Genoa’s exhibition also presents an unpublished Still Life that is now the first of many that can be referred to him: the format, the colour of the preparation, the intimate and refined compositional setting, but especially the mood, link it to his stay in Milan in 1610-1611. Here, he saw the Canestra that Caravaggio painted for Cardinal Federico Borromeo, who was related to the family the priest worked as a guardian for. But had Strozzi met Caravaggio, before?
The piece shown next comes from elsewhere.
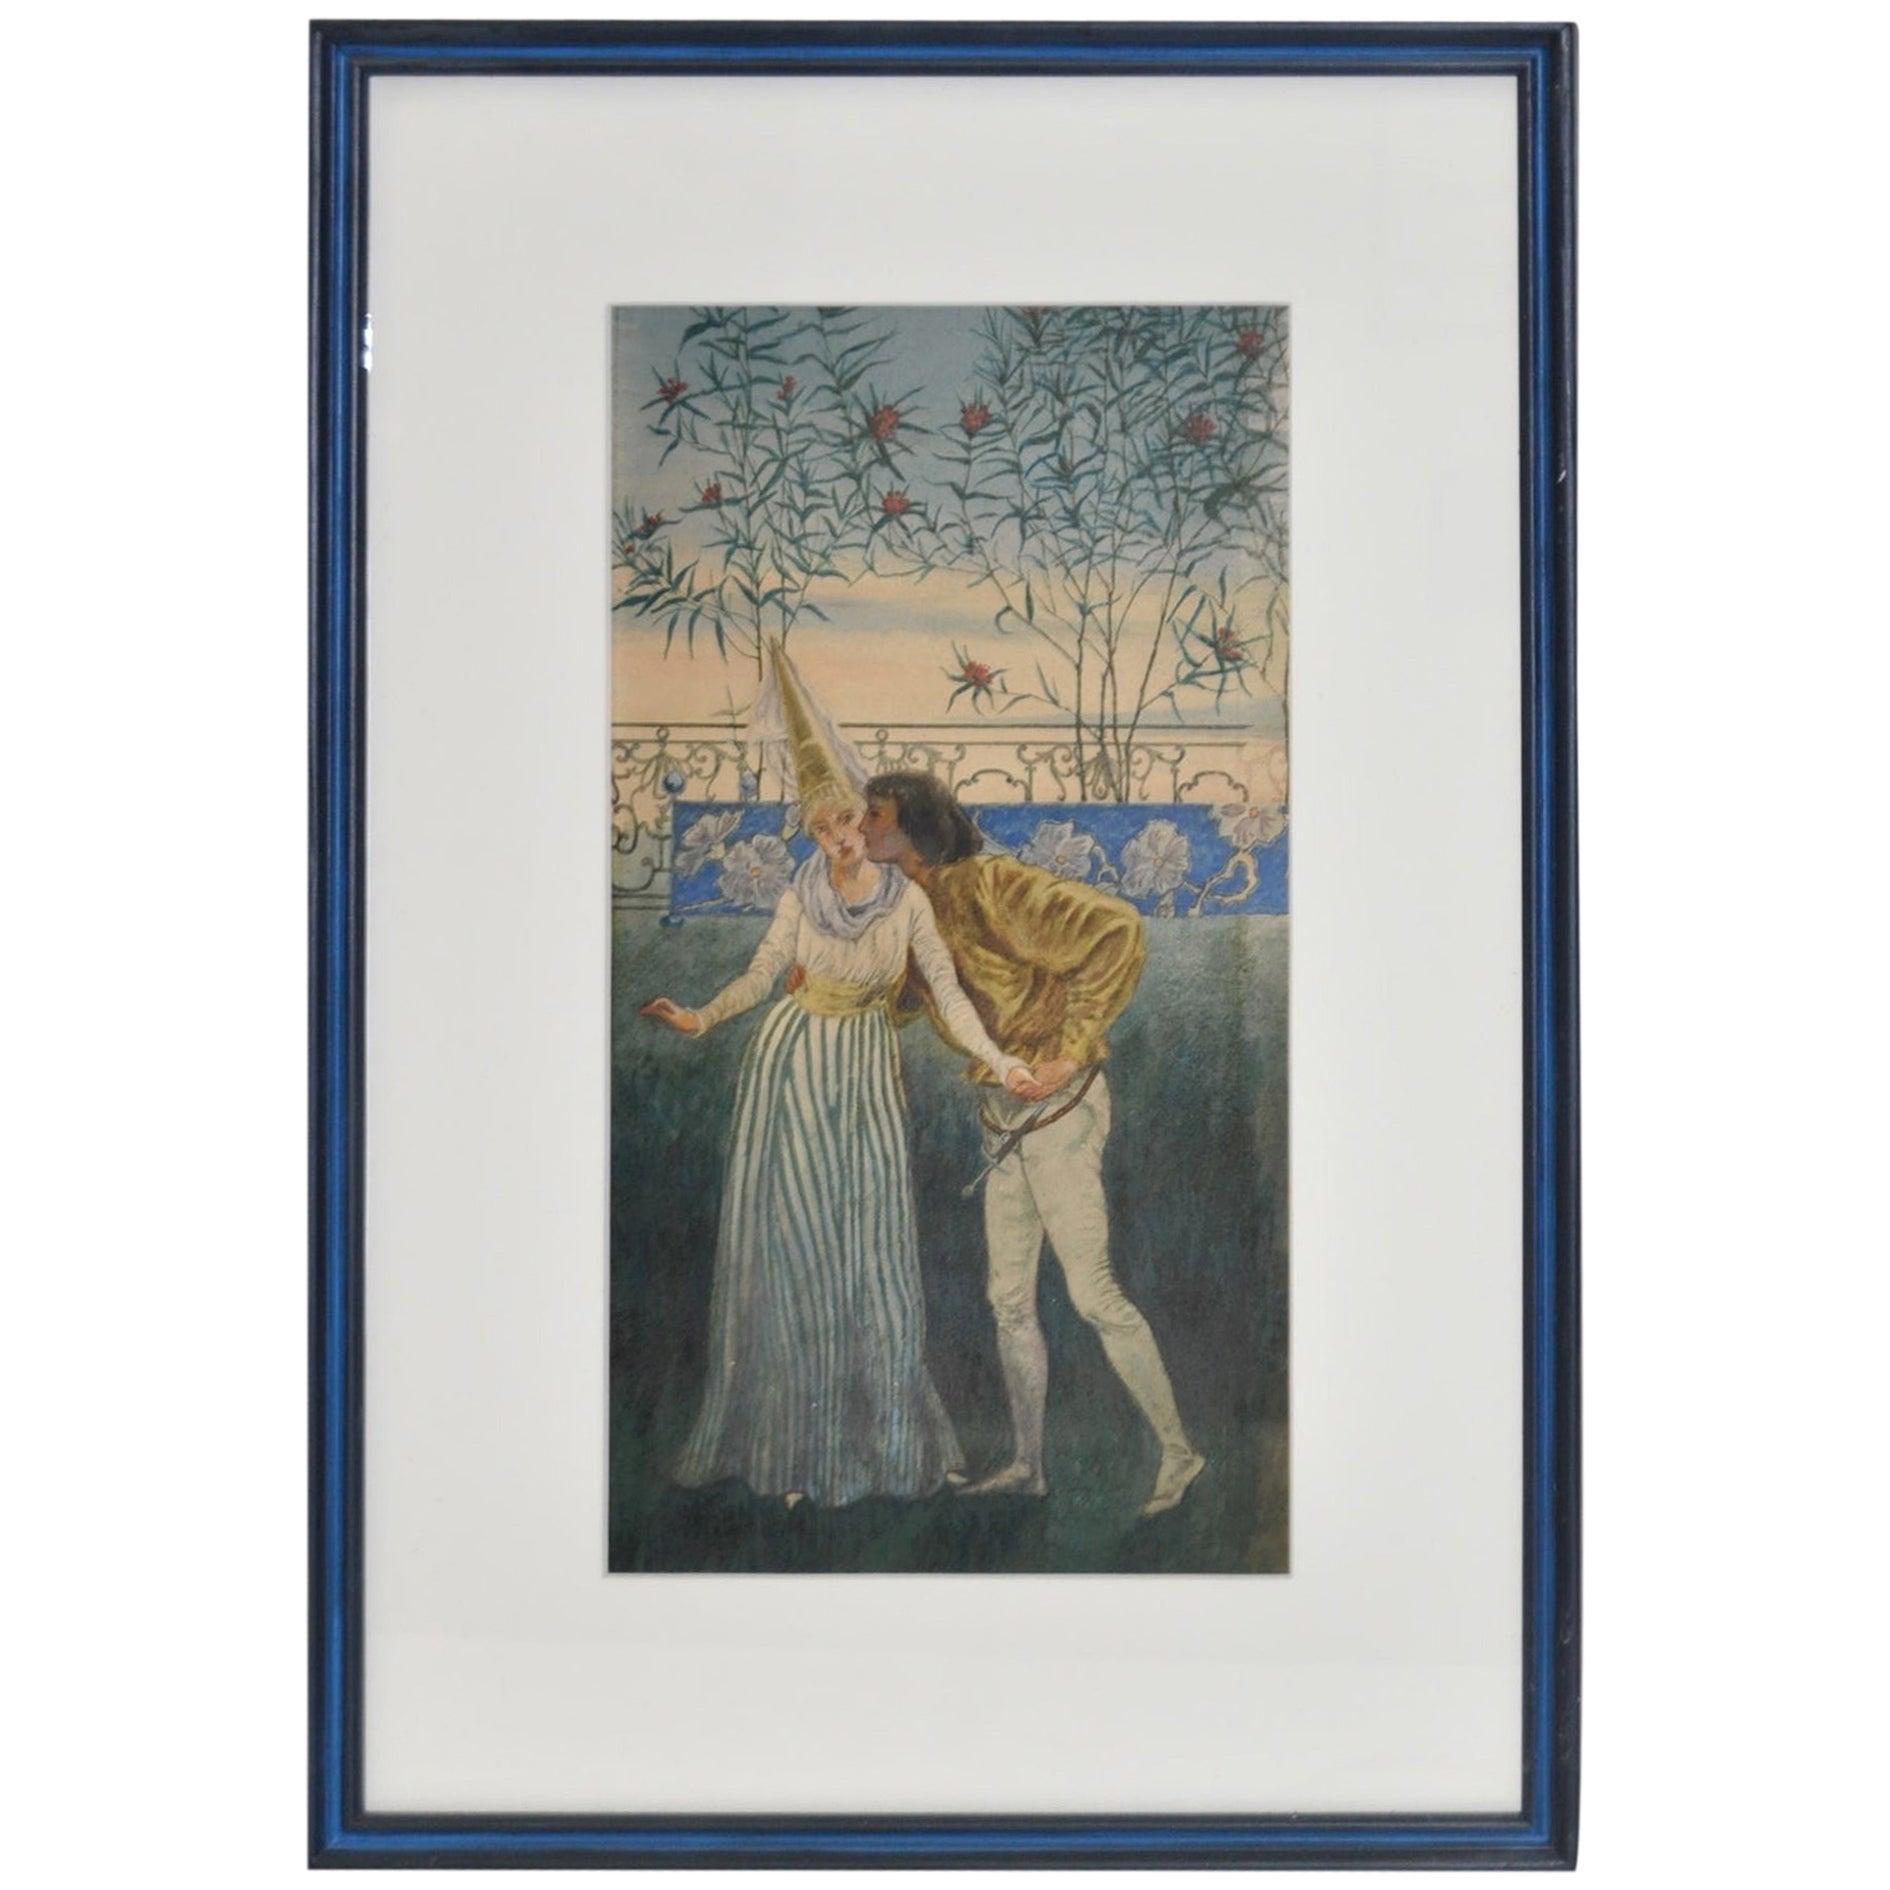 Romeo and Juliette Watercolor by Liam Watson, circa 1910

Very probably so, given that very soon Strozzi assimilated and reworked his revolutionary intuitions: the scenic use of light and high-impact realism distinguish the most Caravaggesque works of the priest, as seen in the rediscovery of Christ before Caiaphas, on display.

The exhibition in Genoa offers the opportunity to compare for the first time four paintings three from museums and one from a private one, linked to the large canvas that Strozzi painted for the destroyed church of the Incurabili in Venice in the mid-1630s: the two large models of the Uffizi and the Accademia Ligustica di Belle Arti, the fragment already in Aldo Zerbone collection and recently purchased for the Gallerie dell’Accademia in Venice, and an extraordinary prima idea for the figure of the king, rediscovered in a private collection. In the large canvases one appreciates the qualities of a superb colourist who was the first to understand the revolution of Rubens but also how much the Cappuccino looked at the Venetian masters of the sixteenth century, from Veronese to Titian and Tintoretto. In the sketch, one appreciates his use of the brush: colour that becomes light, light that becomes matter, impasto that becomes vapour.